Allbirds, the once-hot footwear brand best known for minimalist sneakers, sent its stock soaring on Wednesday after unveiling a dramatic reinvention: a move away from shoes and toward artificial intelligence computing infrastructure.
Shares of the San Francisco company jumped more than 5-fold after it said it plans to raise capital, buy graphics processing units and eventually offer cloud computing capacity and AI services.
The company said it will use a $50 million convertible financing agreement with an institutional investor to fund the shift. Proceeds will go toward acquiring GPUs, the chips that power AI workloads and remain in heavy demand across the broader AI ecosystem. Allbirds also said it intends to rebrand as “NewBird AI,” signaling that the pivot is not a side project but the company’s planned future identity.
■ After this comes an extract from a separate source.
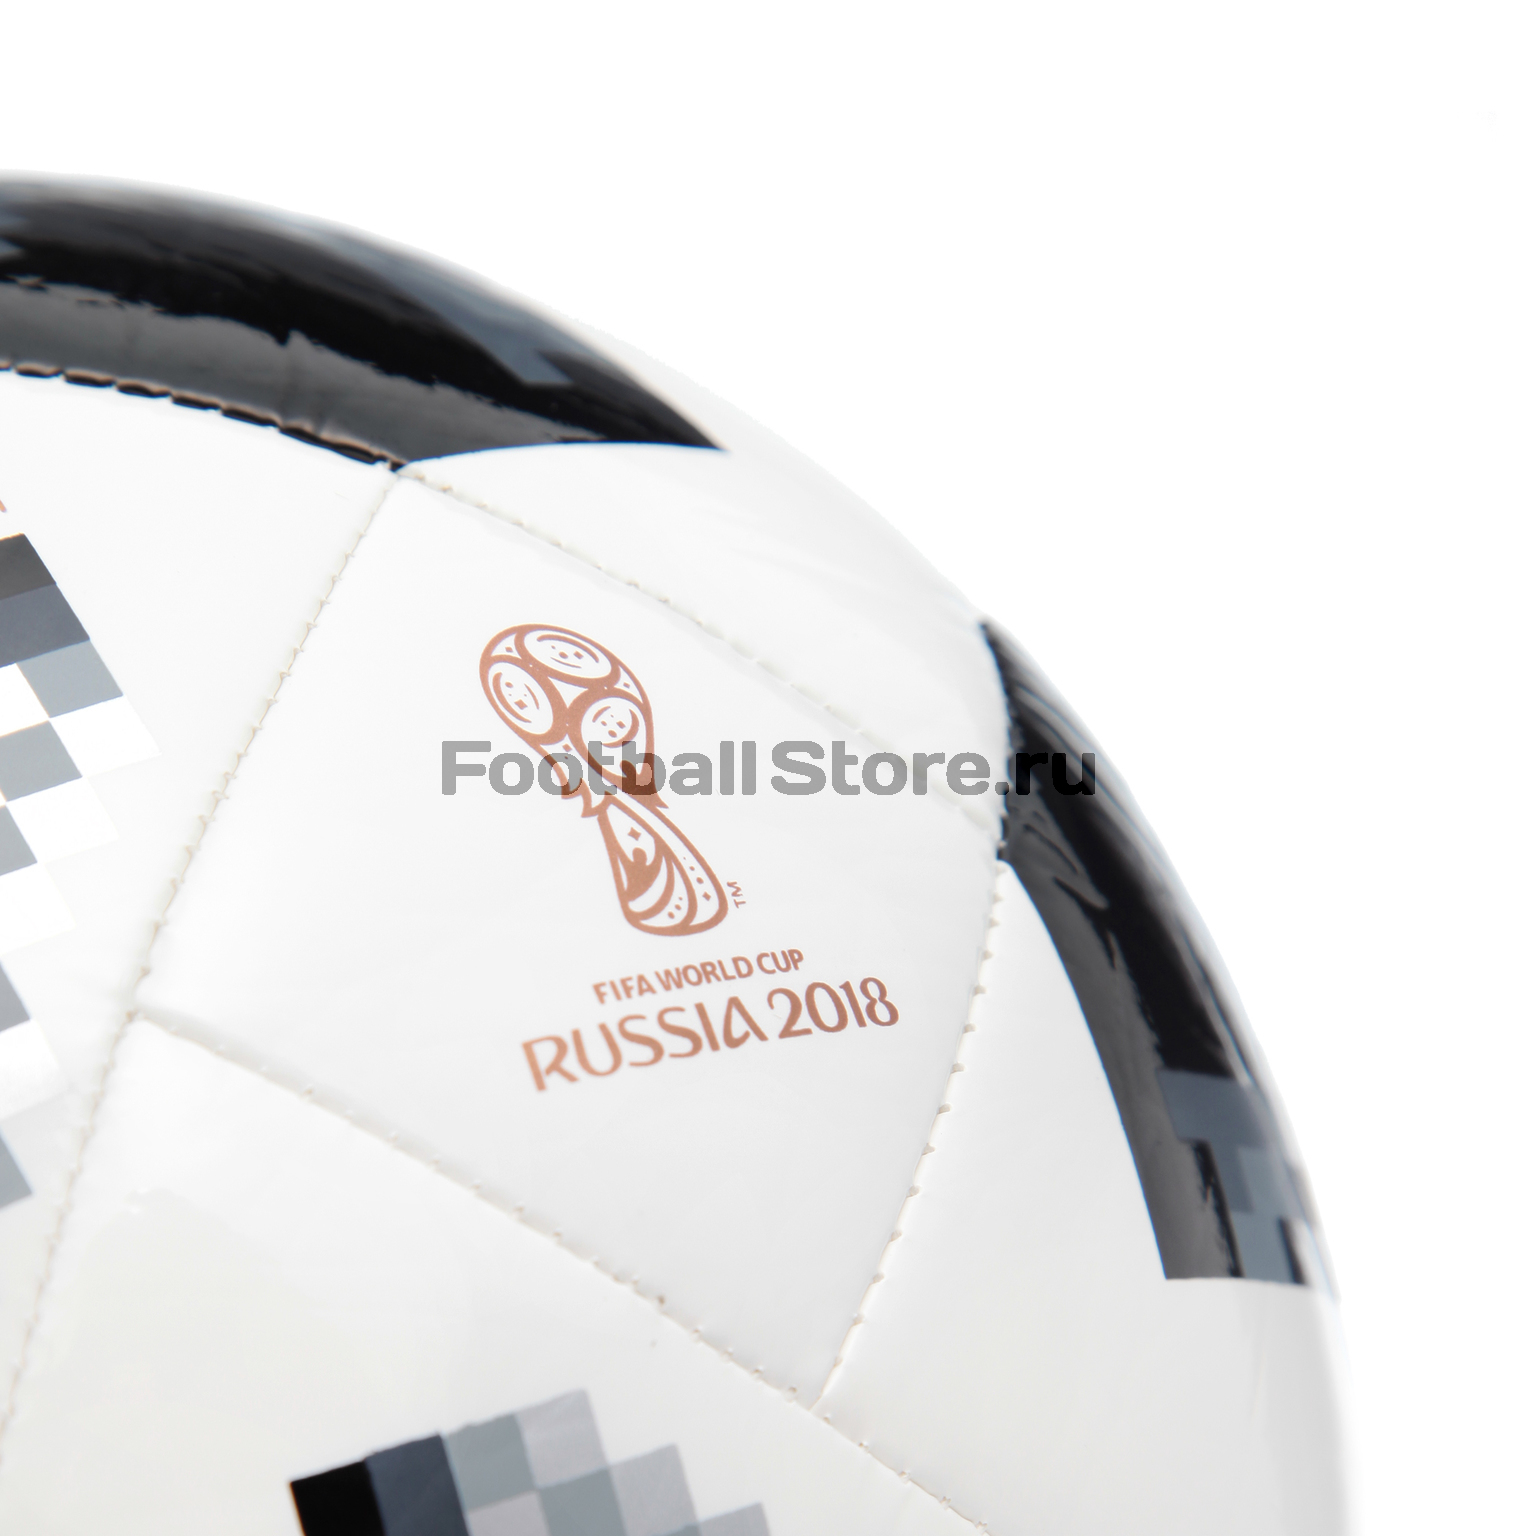 Мяч футзальный Adidas Telstar World Cup S5X5 CE8144

The market reaction was immediate and extreme. Reuters reported that Allbirds stock was last up 435% at $13.33, giving the company a market value of about $116 million. The stock surge also made Allbirds one of the most active names on Fidelity’s trading platform, a sign that the announcement caught the attention of retail traders as well as more traditional investors.
The abrupt strategy shift comes after years of deterioration in Allbirds’ core business. The company has been shutting most of its brick-and-mortar stores in recent months as demand softened and it leaned more heavily on online partnerships.
Last month, it said it had sold its brand and footwear assets to American Exchange Group for $39 million, a transaction that effectively marked the beginning of the end for its original identity as a shoe company.
Allbirds’ turn to AI is especially striking because the brand once stood for a very different kind of consumer story. It was founded as a sustainable footwear company and rode a wave of popularity among tech workers and Silicon Valley consumers.
But the public market has been unforgiving. Reuters noted that Allbirds debuted on Nasdaq in 2021 at a valuation of $3 billion, only to lose about 99% of its market value from that peak by its latest close.
That collapse helps explain why the company is now pursuing such an aggressive reset. The AI sector has become the market’s most powerful story, with companies across hardware, software and infrastructure trying to attach themselves to the wave of corporate spending on data centers and compute capacity.
Allbirds said its new business would focus on cloud computing power and AI services, though it has not yet disclosed the operational details investors would normally expect from a company entering a capital-intensive technology market.
Not everyone is convinced the move will translate into a durable business. Reuters quoted independent retail consultant Bruce Winder, who said the pivot looks like an attempt to capitalize on the AI boom and questioned what Allbirds brings to the table beyond name recognition.
That skepticism reflects a broader concern: a consumer brand with a collapsing retail footprint is now trying to become a technology and infrastructure company in a field dominated by far larger, better-capitalized players.
The shift also recalls previous market-era pivots by struggling small companies that tried to reinvent themselves around the hottest theme of the moment. Reuters pointed to Long Island Iced Tea’s 2017 turn toward blockchain as a historical parallel.
In both cases, investors responded quickly to the narrative, even as questions lingered about whether a dramatic rebrand could substitute for an operating business with scale, expertise and customers.
For now, Allbirds has succeeded at one thing: getting Wall Street’s attention. Whether it can turn a fading sneaker label into a real AI infrastructure player is a much harder question. The company’s next steps will need to show more than a new name and a popular stock story; they will need to demonstrate how a former footwear brand plans to compete in one of the most competitive and capital-hungry sectors in the market.